The one honest weakness Pablo acknowledges is customer support. Rapid growth — from under one million group customers in 2021 to over ten million by 2025 — has strained a model built around digital self-service. Improving async and AI-assisted support is a stated current priority.

Opening Private Markets to Everyone: From €100,000 Minimum to €1

One of the most commercially significant developments Pablo discusses is Trade Republic's September 2025 launch of private market funds accessible from €1 — a direct consequence of the EU's ELTIF 2.0 regulation, which removed the €100,000 minimum investment previously required under Spanish law.

Private equity and private credit have historically been reserved for family offices and institutional investors, largely because of liquidity constraints: capital is committed for seven to ten years, and historical IRRs above public market equivalents partly reflect that illiquidity premium. Pablo notes that Goldman Sachs's annual family office survey consistently shows alternative assets — private equity, real estate, private credit — as the largest allocation category among the ultra-wealthy.

Trade Republic's solution to the liquidity problem is a fund-of-funds structure (in partnership with EQT and Apollo, whose holdings include Idealista and Vinted) that maintains a portion in cash to facilitate early redemptions, and a secondary market mechanism where buy and sell orders are matched across the platform's savings plan holders.
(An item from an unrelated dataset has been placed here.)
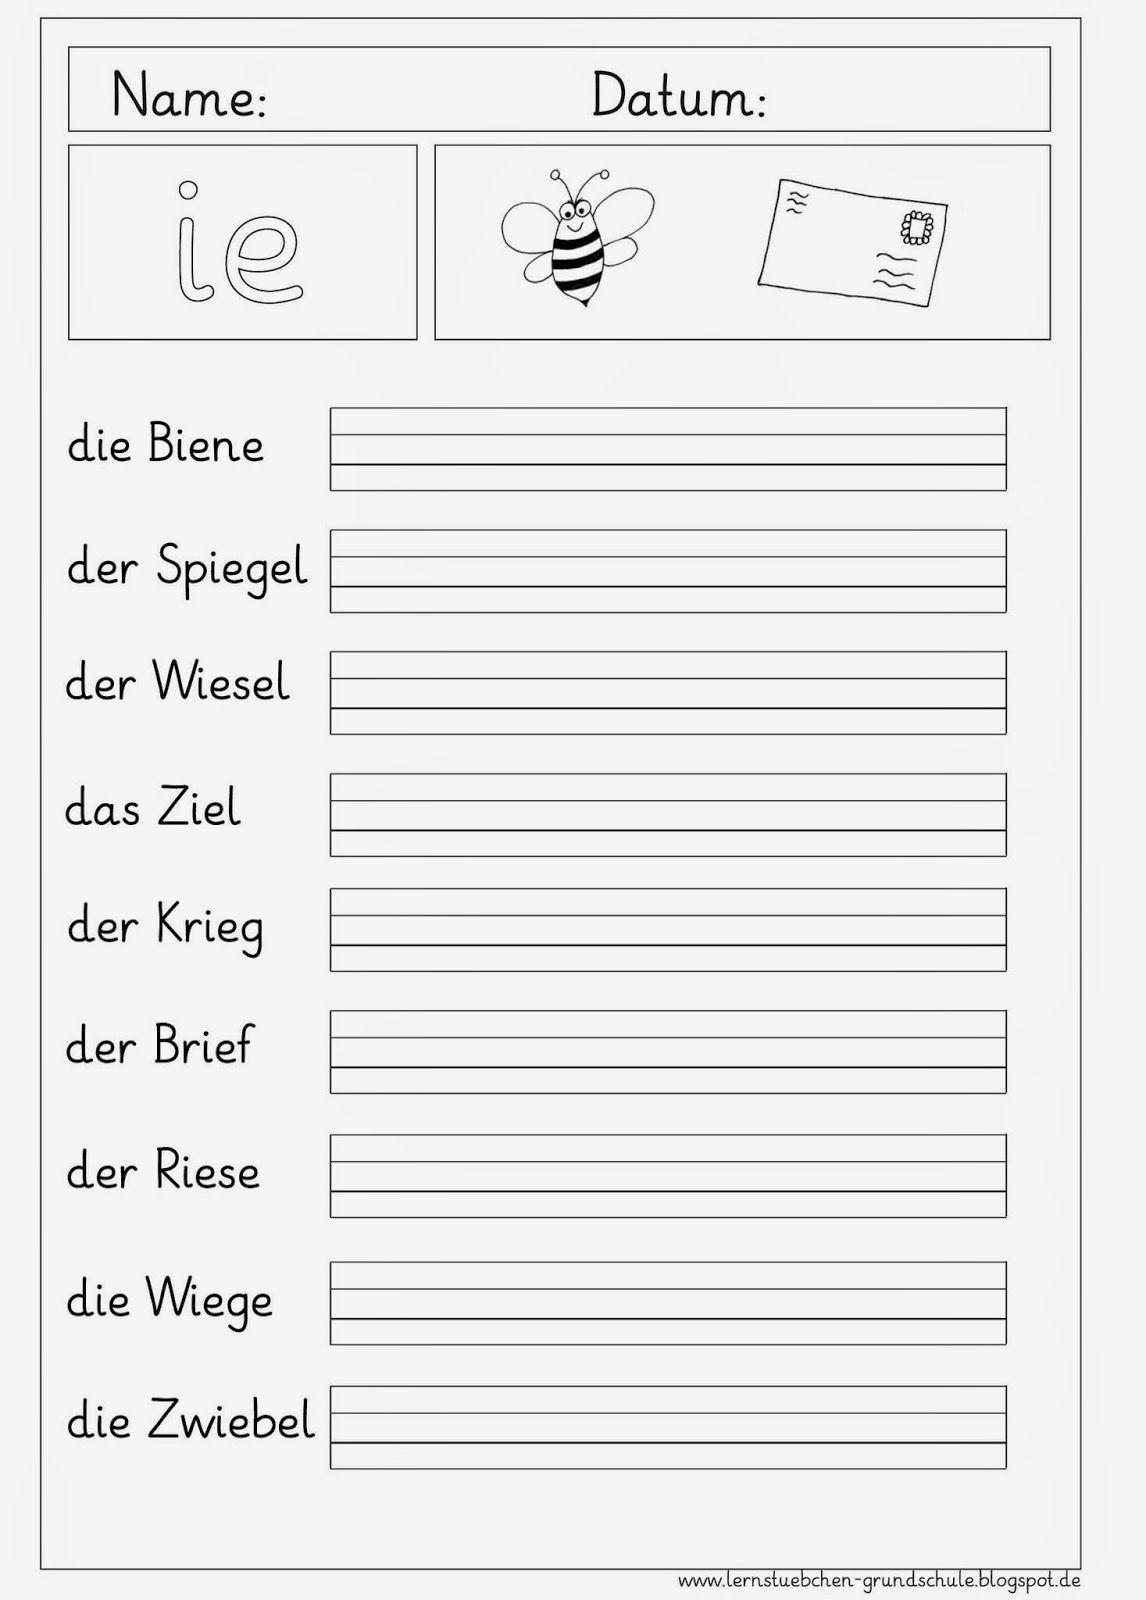 Arbeitsblätter Grundschule 1 Klasse Ausdrucken Lernstübchen für Deutsch Übungen Klasse 2 Zum Ausdrucken

In the first three months after launch, every investor who wanted to exit was able to do so.

"Family offices typically hold more in private markets than in any other asset class. We want every saver — not just the wealthy — to have that option."

— Pablo López

The Numbers: 10× Market Share, 10M Customers, €12.5B Valuation

Trade Republic's Spanish trajectory has been steep. When Pablo joined in 2021, the group had fewer than one million customers globally. By early 2026, Spain alone exceeded one million, the group had surpassed ten million across eighteen European countries, and assets under management stood above €150 billion.

In terms of Spanish market share among investment platforms, Trade Republic grew from 0.3% to 3.2% during 2025 alone — a tenfold increase — moving it past MyInvestor and N26 into fourth position behind Revolut, Imagin and OpenBank. Pablo considers Trade Republic the second true neobank in Spain in terms of positioning, given that Imagin is a CaixaBank subsidiary.

The group's last external capital event was a 2024 secondary transaction that valued the company at €12.5 billion, bringing in new investors including Wellington Management, GIC, Fidelity and Khosla Ventures alongside existing backers Sequoia, Accel and Founders Fund. The transaction was structured as a secondary sale — early investors and employees receiving liquidity — rather than primary fundraising, reflecting three consecutive years of profitability.

The Career: From Monitor Deloitte to Country Manager at 30

Pablo grew up in Madrid, studied Law and Business at the Universidad Autónoma, and spent time on exchange in Munich and Seoul — where he completed an internship at a crypto venture fund — before joining Monitor Deloitte's financial restructuring practice. He then moved to Monitor's strategy arm, where he worked on banking sector projects including a digital transformation engagement involving Stripe, which introduced him to the tech startup world.

His entry into Trade Republic was entirely proactive. Noticing colleagues on LinkedIn joining the company the day after it announced its $900 million Series C, he downloaded the app and immediately saw the mission alignment — he had previously run a university investment club focused on financial education. Rather than applying through a job listing, he cold-messaged the Country Manager directly, attaching a self-produced deck benchmarking Trade Republic's onboarding flow against Revolut, N26, and traditional Spanish banks.

The Country Manager responded the same day. The job had technically been filled, but Pablo's initiative created a role. His starting salary — €70,000 — exceeded what he had been earning at Monitor by his third year, and came with an equity bonus structure that has since appreciated significantly thanks to the company's secondary transaction.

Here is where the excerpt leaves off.